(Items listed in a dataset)
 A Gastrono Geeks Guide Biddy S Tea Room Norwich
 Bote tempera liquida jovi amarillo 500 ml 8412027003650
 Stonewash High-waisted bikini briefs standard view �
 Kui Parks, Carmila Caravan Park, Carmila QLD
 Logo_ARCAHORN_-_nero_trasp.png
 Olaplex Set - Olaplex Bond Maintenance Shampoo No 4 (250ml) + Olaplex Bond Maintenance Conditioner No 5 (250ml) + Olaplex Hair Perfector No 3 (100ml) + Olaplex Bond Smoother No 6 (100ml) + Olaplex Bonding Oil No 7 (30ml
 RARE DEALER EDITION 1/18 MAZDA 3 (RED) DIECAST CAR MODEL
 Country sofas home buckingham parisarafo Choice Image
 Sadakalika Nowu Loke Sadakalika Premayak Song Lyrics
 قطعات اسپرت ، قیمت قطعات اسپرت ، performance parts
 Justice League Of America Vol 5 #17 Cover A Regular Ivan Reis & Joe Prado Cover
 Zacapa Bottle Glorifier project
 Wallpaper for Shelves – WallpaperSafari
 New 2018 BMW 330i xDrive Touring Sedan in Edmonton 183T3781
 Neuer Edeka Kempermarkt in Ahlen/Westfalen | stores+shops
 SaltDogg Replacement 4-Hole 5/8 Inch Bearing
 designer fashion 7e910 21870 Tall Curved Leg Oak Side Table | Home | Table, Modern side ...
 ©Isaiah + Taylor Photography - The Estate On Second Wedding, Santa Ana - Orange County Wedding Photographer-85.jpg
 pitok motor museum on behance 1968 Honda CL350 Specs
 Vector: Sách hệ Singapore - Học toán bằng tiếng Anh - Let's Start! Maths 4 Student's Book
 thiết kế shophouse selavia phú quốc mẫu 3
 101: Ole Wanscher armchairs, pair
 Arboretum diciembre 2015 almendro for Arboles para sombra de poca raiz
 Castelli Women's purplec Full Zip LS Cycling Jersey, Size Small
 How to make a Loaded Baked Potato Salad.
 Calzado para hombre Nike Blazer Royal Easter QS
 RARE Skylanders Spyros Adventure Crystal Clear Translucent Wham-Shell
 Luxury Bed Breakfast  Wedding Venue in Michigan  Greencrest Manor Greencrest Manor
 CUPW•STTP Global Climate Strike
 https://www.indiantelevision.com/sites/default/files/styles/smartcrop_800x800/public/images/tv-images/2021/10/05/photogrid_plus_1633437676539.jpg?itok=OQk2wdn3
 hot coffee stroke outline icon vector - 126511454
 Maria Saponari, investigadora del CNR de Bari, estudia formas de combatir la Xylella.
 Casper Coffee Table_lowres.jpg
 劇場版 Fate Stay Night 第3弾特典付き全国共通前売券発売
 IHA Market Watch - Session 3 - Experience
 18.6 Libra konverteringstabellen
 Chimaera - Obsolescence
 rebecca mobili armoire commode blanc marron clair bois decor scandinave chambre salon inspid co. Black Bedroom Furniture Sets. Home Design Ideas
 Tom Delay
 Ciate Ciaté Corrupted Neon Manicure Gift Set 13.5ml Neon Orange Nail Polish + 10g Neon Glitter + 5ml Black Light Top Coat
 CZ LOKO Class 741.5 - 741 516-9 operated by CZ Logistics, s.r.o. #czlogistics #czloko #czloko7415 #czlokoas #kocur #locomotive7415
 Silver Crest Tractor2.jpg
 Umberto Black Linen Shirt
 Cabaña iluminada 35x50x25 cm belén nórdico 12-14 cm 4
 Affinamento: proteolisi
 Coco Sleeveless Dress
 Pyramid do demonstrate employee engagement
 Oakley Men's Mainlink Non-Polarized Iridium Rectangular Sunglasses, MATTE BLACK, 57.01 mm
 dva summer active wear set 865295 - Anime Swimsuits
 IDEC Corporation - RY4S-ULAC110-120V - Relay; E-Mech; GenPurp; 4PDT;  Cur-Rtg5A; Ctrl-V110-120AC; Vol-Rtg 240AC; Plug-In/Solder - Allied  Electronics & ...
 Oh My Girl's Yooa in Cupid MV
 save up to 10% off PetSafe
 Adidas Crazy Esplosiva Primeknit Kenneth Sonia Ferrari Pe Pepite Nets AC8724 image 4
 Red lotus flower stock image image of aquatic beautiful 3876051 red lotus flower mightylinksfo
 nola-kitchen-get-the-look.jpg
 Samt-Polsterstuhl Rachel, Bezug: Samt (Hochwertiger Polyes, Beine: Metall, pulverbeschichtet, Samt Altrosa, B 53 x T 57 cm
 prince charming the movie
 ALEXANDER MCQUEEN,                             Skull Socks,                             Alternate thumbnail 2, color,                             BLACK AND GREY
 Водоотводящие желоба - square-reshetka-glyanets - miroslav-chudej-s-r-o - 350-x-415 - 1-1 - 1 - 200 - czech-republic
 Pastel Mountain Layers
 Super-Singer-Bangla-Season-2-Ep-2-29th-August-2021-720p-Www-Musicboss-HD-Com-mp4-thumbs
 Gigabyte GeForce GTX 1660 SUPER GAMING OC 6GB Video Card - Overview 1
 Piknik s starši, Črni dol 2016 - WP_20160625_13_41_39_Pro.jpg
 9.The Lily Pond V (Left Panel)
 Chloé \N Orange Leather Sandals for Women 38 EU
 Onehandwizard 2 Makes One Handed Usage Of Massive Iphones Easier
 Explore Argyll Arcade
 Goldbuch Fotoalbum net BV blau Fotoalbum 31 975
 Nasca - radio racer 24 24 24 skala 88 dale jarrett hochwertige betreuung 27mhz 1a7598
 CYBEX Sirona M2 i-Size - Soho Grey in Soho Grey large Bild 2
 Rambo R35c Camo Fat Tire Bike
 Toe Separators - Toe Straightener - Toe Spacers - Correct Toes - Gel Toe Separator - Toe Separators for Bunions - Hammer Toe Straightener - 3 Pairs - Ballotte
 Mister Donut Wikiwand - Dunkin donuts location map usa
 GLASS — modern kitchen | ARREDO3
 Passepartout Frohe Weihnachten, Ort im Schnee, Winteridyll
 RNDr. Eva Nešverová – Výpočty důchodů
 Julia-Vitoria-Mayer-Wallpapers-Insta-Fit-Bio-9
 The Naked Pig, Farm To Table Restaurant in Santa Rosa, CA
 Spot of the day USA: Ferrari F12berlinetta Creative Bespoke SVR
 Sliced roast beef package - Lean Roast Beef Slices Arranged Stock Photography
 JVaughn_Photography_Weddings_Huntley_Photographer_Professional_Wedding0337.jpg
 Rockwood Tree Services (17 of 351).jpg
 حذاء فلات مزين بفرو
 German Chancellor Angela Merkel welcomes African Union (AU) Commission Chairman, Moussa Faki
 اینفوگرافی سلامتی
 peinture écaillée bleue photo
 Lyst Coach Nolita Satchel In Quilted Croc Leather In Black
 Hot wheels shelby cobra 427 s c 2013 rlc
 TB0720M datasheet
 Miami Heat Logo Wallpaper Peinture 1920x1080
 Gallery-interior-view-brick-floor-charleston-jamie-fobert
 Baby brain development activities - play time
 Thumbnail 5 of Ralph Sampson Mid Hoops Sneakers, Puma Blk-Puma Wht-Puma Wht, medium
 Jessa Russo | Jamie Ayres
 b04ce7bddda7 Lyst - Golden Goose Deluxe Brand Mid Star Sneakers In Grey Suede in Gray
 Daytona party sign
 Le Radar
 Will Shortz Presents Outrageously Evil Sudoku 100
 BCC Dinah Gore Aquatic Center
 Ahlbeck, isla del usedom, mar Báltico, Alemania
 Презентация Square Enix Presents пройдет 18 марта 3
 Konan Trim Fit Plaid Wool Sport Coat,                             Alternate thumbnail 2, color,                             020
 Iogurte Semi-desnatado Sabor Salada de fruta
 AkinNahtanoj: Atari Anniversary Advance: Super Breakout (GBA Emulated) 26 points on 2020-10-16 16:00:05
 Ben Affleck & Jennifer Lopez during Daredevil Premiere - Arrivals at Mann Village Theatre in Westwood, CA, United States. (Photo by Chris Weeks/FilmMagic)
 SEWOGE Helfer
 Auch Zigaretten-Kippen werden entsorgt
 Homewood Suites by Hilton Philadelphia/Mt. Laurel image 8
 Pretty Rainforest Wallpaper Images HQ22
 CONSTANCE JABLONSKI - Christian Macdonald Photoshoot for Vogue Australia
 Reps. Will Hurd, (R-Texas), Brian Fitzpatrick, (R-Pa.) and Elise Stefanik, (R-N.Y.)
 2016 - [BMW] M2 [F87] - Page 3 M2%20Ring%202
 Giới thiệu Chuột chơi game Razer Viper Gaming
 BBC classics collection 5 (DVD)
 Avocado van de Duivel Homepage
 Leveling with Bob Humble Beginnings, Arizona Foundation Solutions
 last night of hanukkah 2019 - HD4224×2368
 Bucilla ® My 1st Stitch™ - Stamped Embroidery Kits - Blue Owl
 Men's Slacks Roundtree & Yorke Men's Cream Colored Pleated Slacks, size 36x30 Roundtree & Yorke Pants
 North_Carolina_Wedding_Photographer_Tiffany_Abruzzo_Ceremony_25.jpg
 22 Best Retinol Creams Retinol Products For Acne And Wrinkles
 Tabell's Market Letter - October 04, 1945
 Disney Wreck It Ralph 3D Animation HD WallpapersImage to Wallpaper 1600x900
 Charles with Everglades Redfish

§ **Exercise description**
What is needed is an exact copy of the lines above, from the one containing "Kui Parks, Carmila Caravan Park, Carmila QLD" through the one containing "Wallpaper for Shelves – WallpaperSafari", with nothing added.

§ **Completed exercise**
 Kui Parks, Carmila Caravan Park, Carmila QLD
 Logo_ARCAHORN_-_nero_trasp.png
 Olaplex Set - Olaplex Bond Maintenance Shampoo No 4 (250ml) + Olaplex Bond Maintenance Conditioner No 5 (250ml) + Olaplex Hair Perfector No 3 (100ml) + Olaplex Bond Smoother No 6 (100ml) + Olaplex Bonding Oil No 7 (30ml
 RARE DEALER EDITION 1/18 MAZDA 3 (RED) DIECAST CAR MODEL
 Country sofas home buckingham parisarafo Choice Image
 Sadakalika Nowu Loke Sadakalika Premayak Song Lyrics
 قطعات اسپرت ، قیمت قطعات اسپرت ، performance parts
 Justice League Of America Vol 5 #17 Cover A Regular Ivan Reis & Joe Prado Cover
 Zacapa Bottle Glorifier project
 Wallpaper for Shelves – WallpaperSafari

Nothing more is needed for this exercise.